Tracing these scenes to Allen's "belief in the power of the word" and "trust in form over matter" here seems like silly pedantry.  Not everything in Allen's films has philosophical significance.  I find it more insightful to simply call Virgil Starkwell a schlemiel.

The tendency toward pedantry shows up also in some of Hösle's writing, as in the redundant "indispensable prerequisite" (p. 4), "too overopinionated" (p. 66), and "appearance of a deus ex machina from above" (p. 54).  Why write that "Woody Allen has succeeded in impersonating a certain type of comic hero," when you mean that he has played a certain type of comic hero?

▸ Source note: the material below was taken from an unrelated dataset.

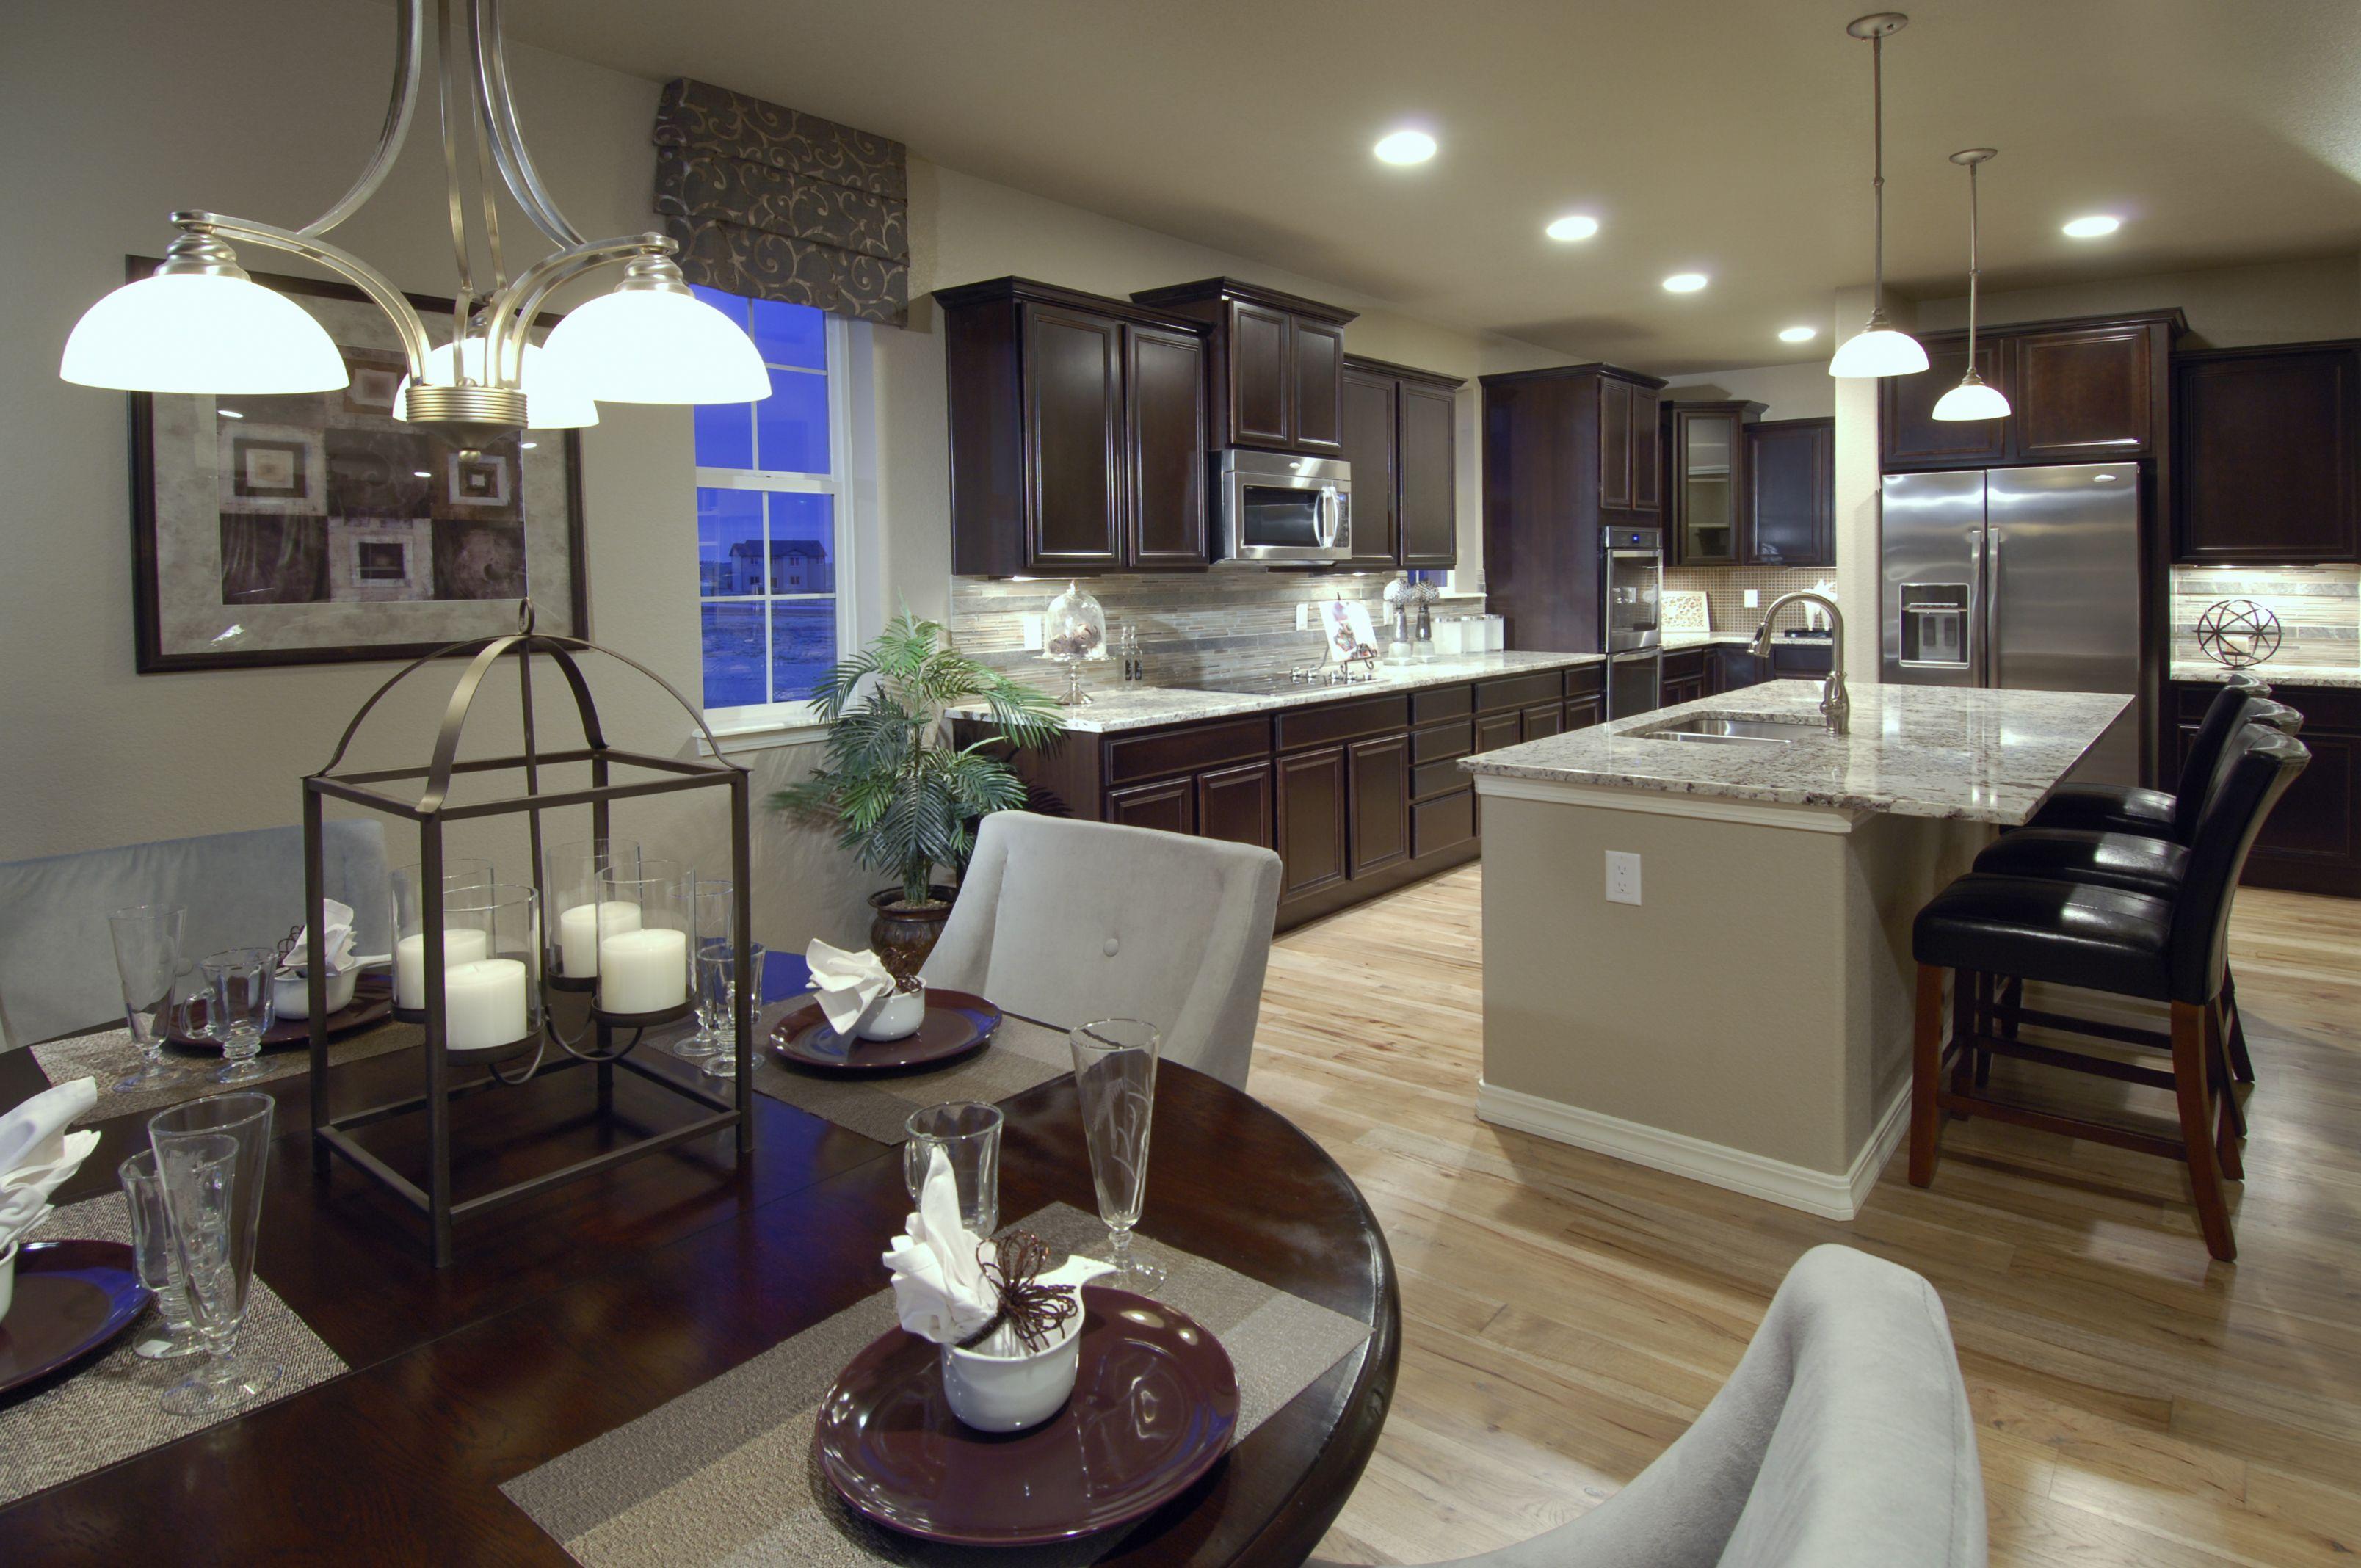 Colorado springs model homes
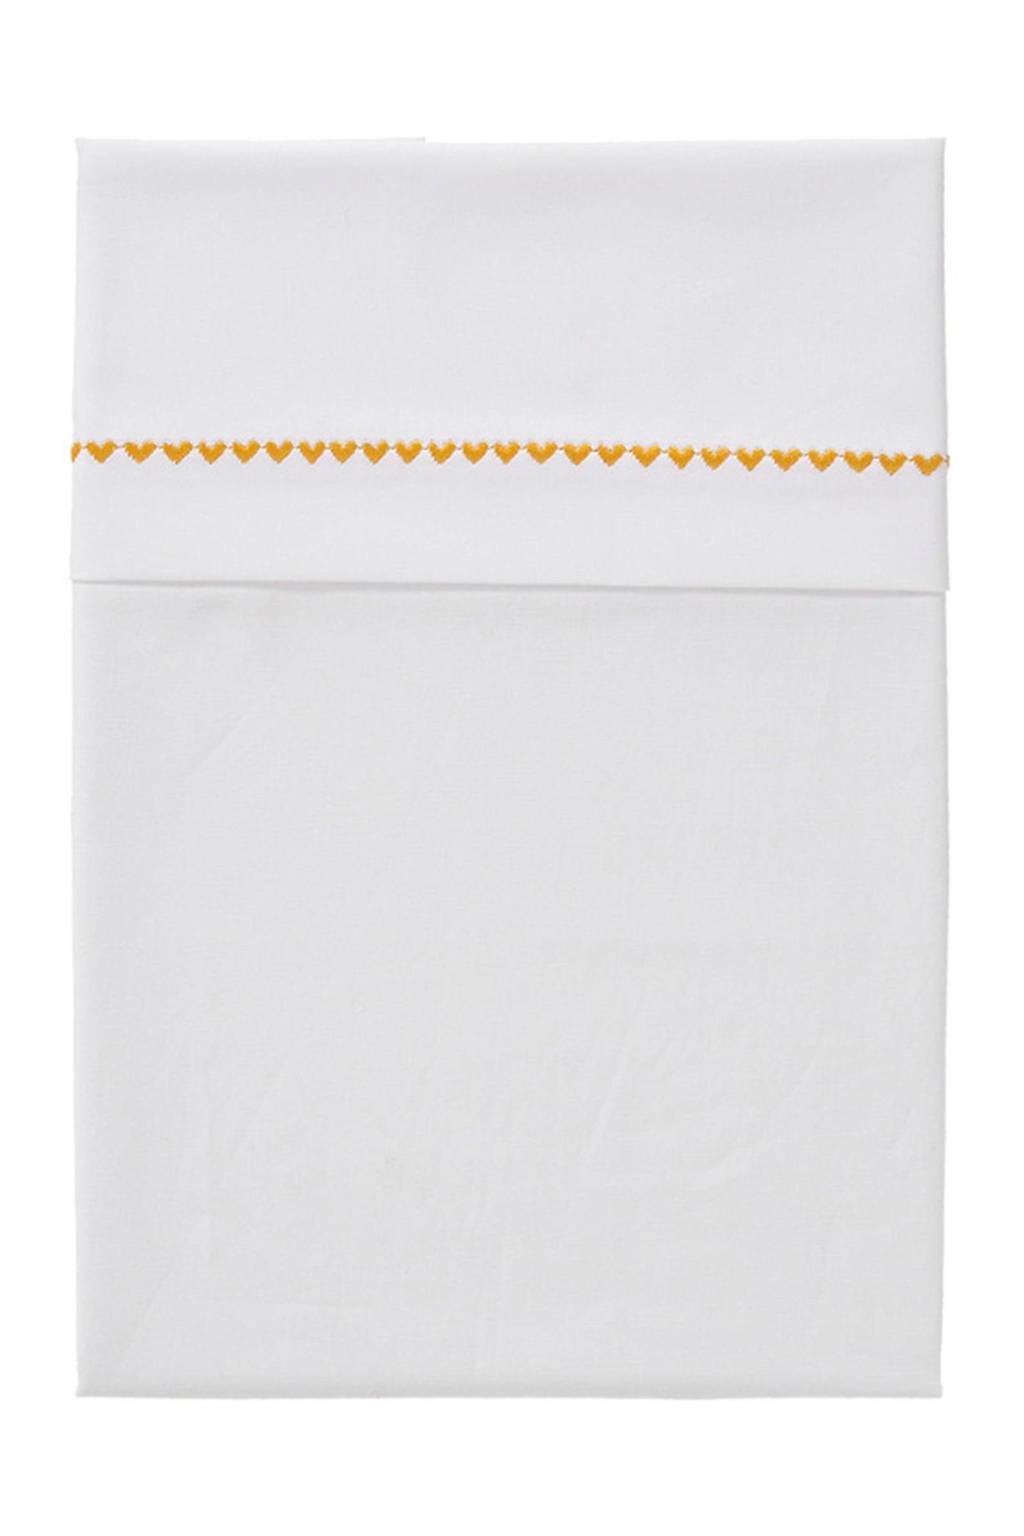 Cottonbaby Bolletjes wieglaken 75 x 90 cm wit/okergeel, 75x90

This small problem aside, Hösle has done an admirable job of organizing and discussing themes in Allen's movies and relating them to his written work.  Allen is a master of joke techniques, particularly inflation and deflation -- the sudden juxtaposition of something trivial after something sublime.  "Eternal nothingness is O.K. if you are dressed for it," for instance, and "Not only is there no God, but try getting a plumber on weekends" (p. 34).  Hösle is particularly good when discussing the gags that appeal to academics, such as the scene in Annie Hall where Allen's character is waiting in a theater line and gets into an argument about Marshall McLuhan with another man.  McLuhan himself appears, and takes Woody's side (p. 41).

If Vittorio Hösle gets to write a second edition of this charming book, he might look in more detail at the current philosophical literature on humor and, even if the book remains short, add a bibliography and an index.